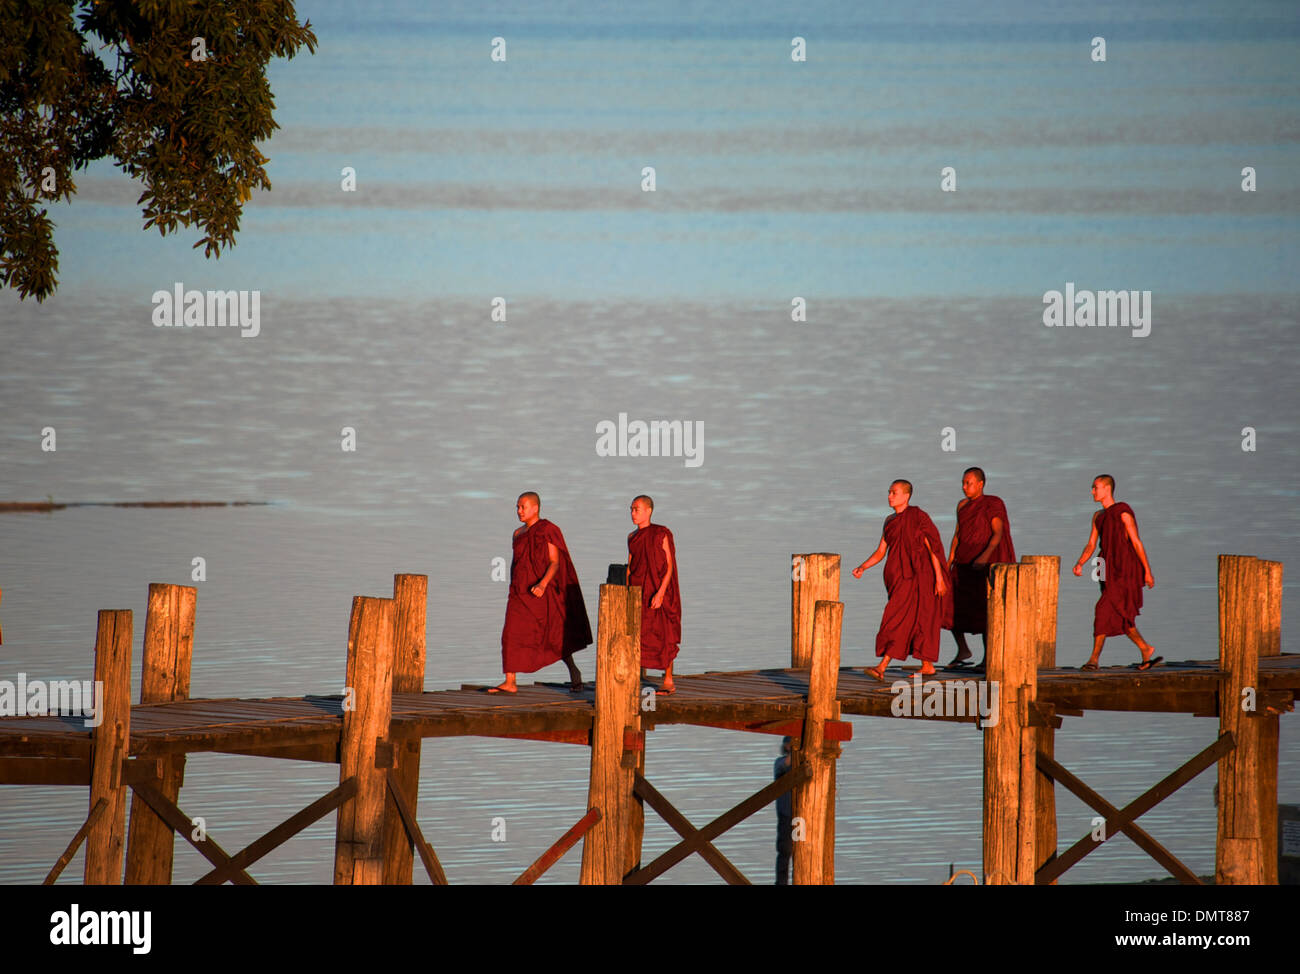 Buddhistische Mönche U Bein Brücke auf dem Weg zu ihr Kloster, Amarapura. verlassene Stadt, Mandalay, Myanmar (Burma). Stockfoto
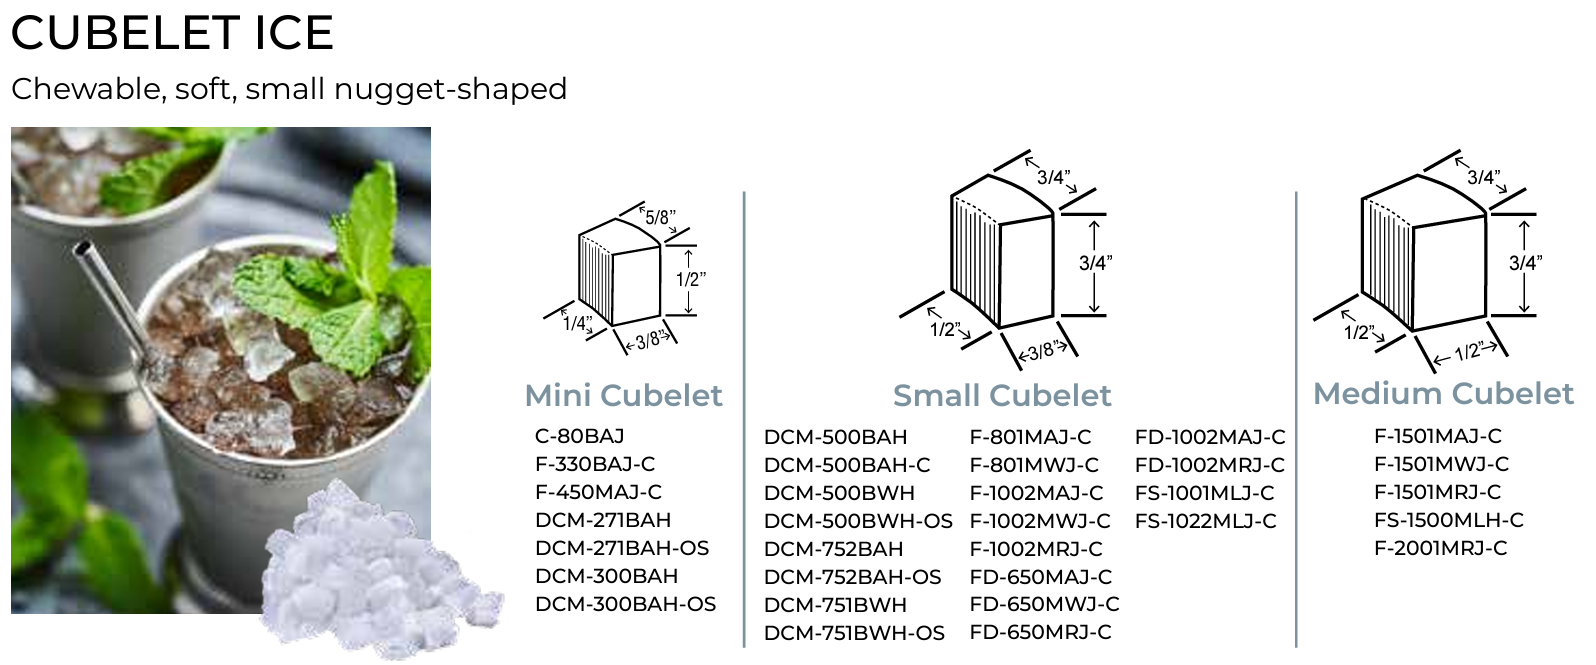 Hoshizaki FD-650M_J-C Cubelet Ice Maker
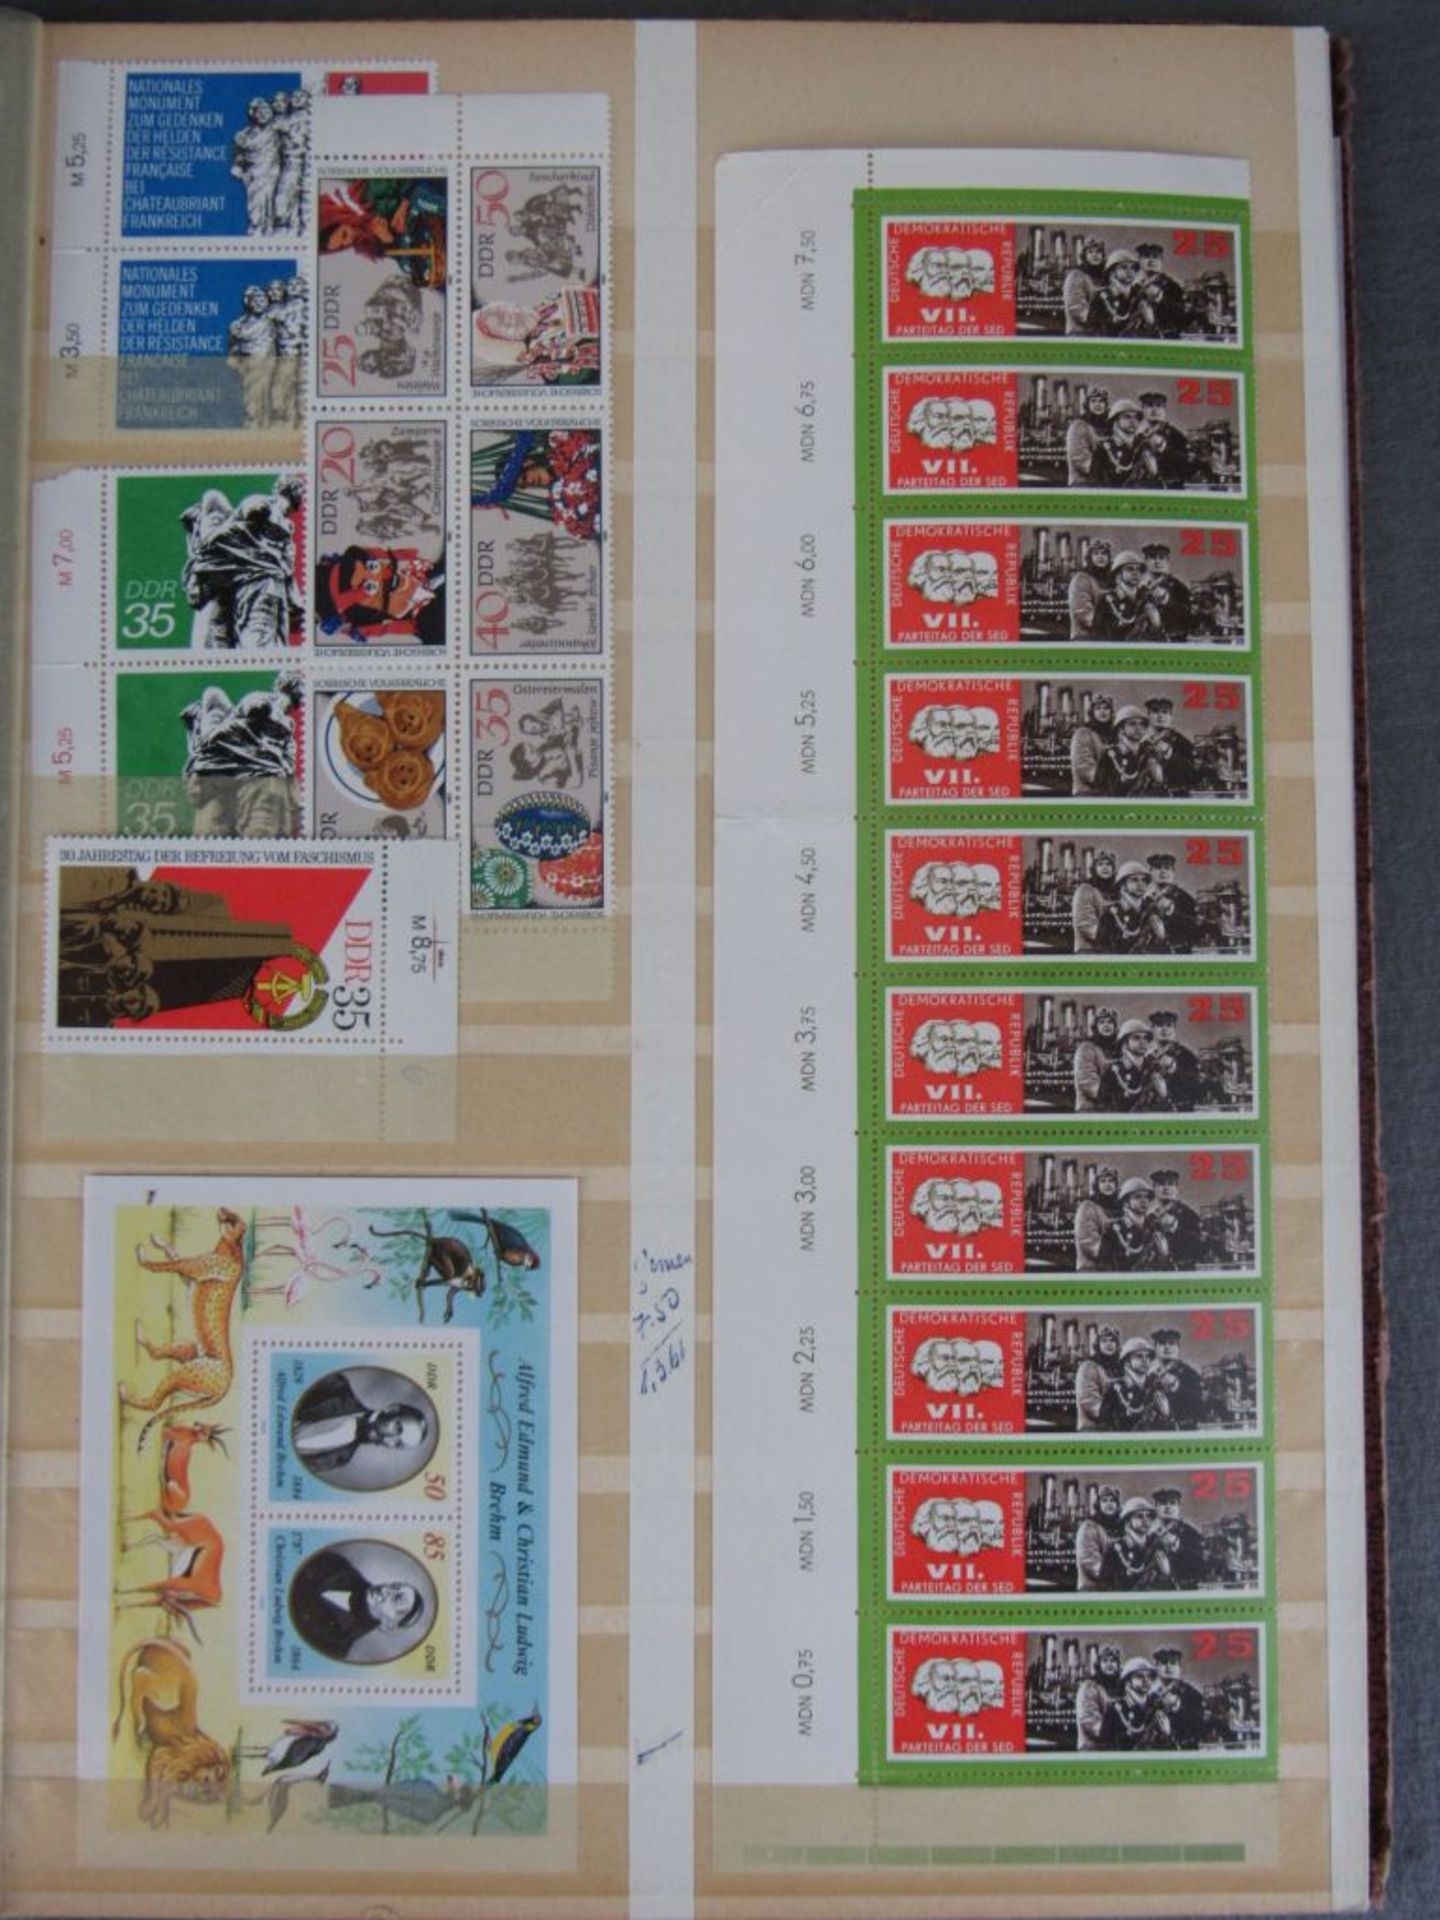 Karton Deutschland von AD - 50ger Jahre für den Spezialisten, Bogenteile, Marken usw. - Bild 18 aus 18
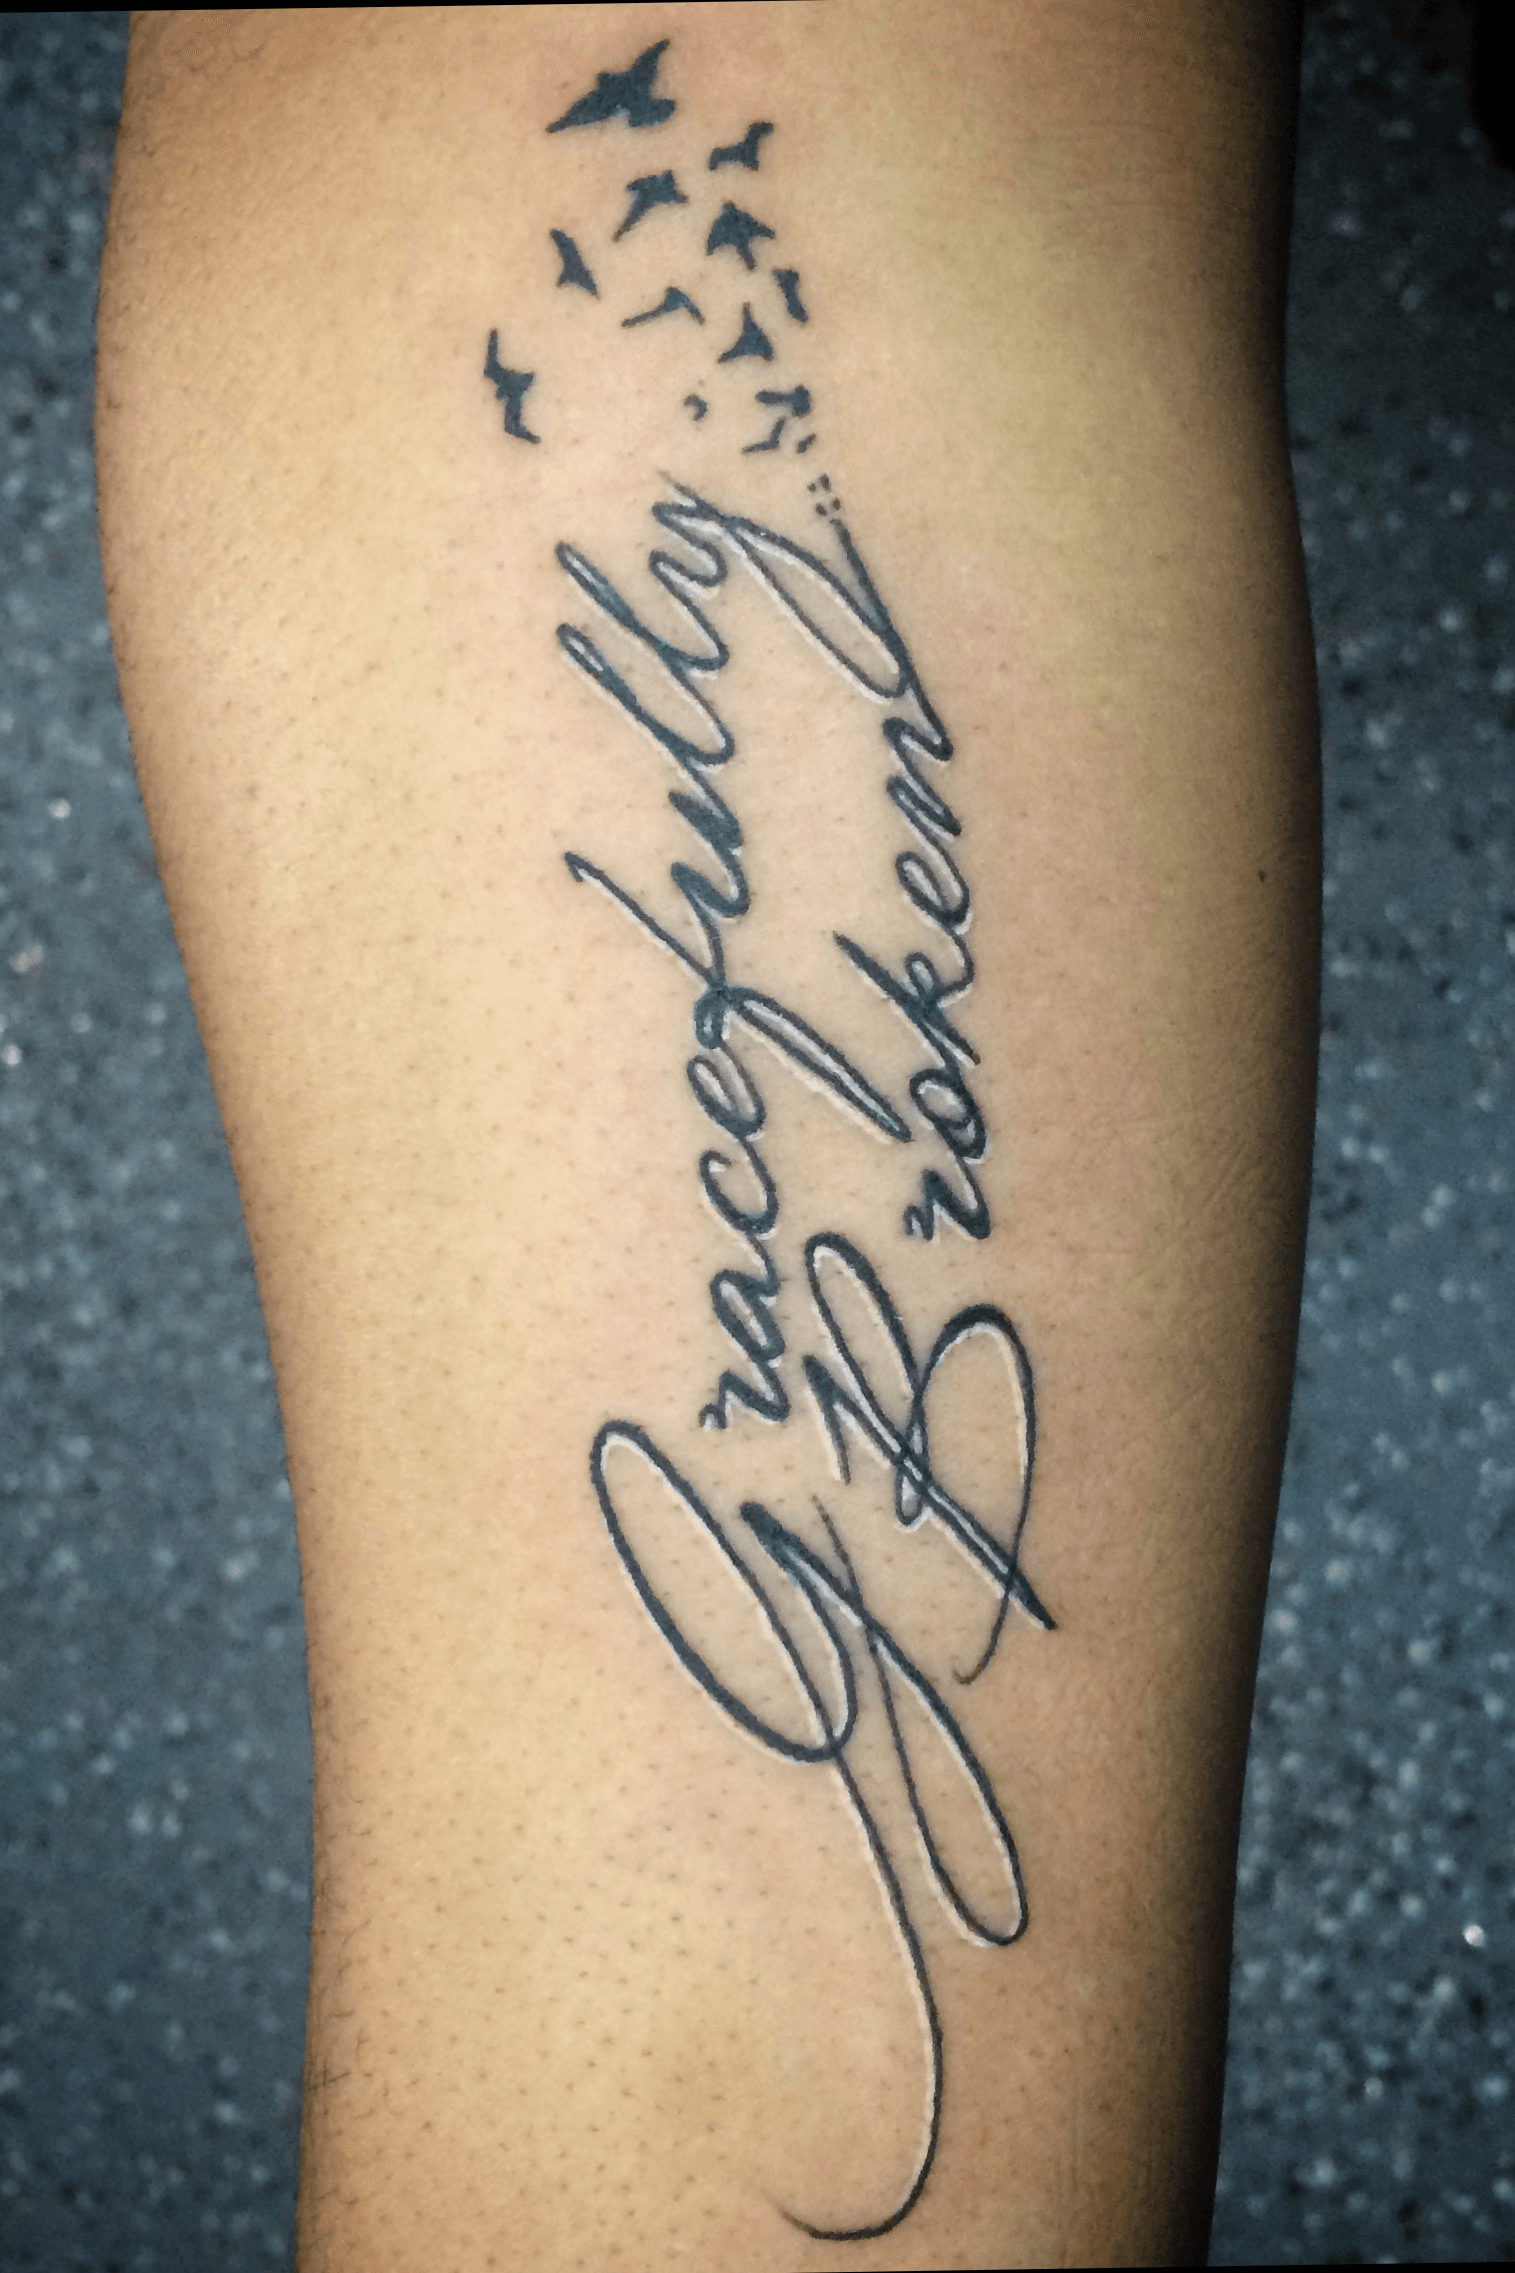 Tattoo uploaded by Danny Lee  Gracefully broken forearm tattoo  Tattoodo

=-=-=-=-=

The task
Set down the material above as is, without any pictures.

Response area
 Buddhistische Mönche U Bein Brücke auf dem Weg zu ihr Kloster, Amarapura. verlassene Stadt, Mandalay, Myanmar (Burma). Stockfoto
 Hoshizaki FD-650M_J-C Cubelet Ice Maker
 Karton Deutschland von AD - 50ger Jahre für den Spezialisten, Bogenteile, Marken usw. - Bild 18 aus 18
 Tattoo uploaded by Danny Lee  Gracefully broken forearm tattoo  Tattoodo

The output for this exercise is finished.